# Your instructions
Among the records that follow, set down only the lines from the one containing "Mirror With Lights: Illuminating" to the one containing "Decathlon Store High", both included, exactly.

# Records supplied
<<<<

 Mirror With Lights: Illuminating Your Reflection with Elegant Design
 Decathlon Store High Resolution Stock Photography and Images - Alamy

>>>>
<<<<

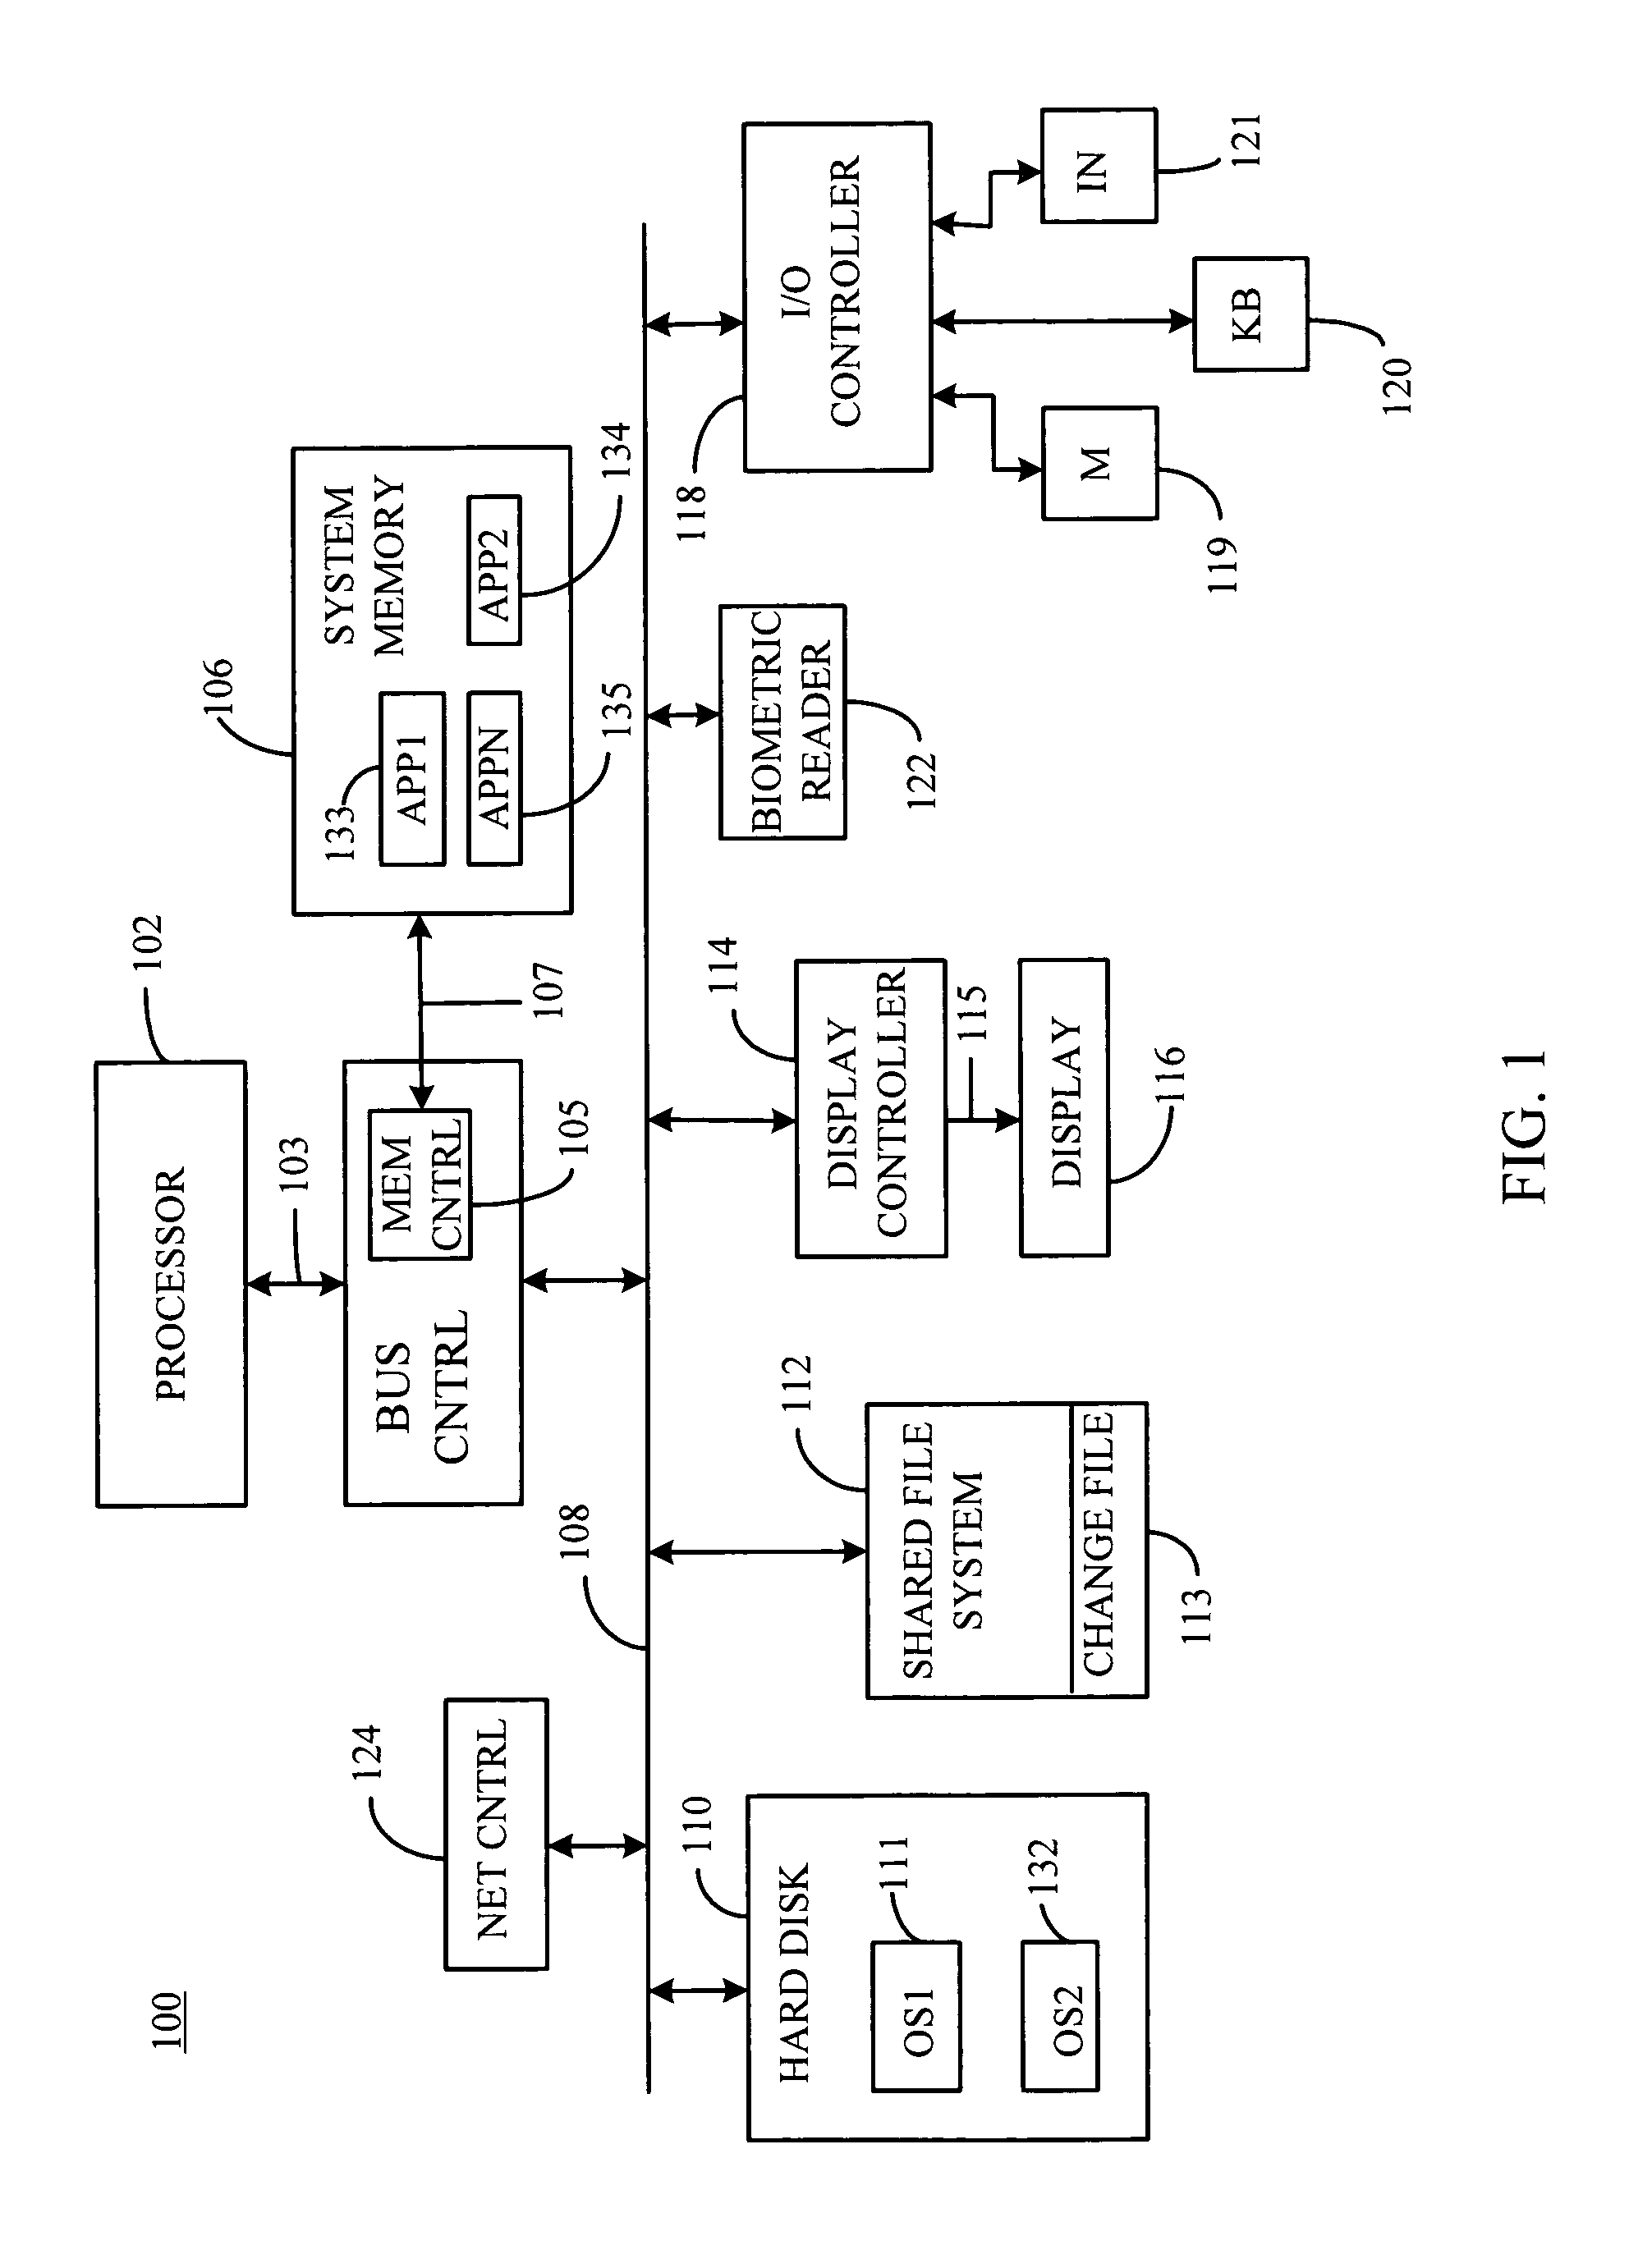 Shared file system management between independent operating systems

>>>>

# Solution below
 Mirror With Lights: Illuminating Your Reflection with Elegant Design
 Decathlon Store High Resolution Stock Photography and Images - Alamy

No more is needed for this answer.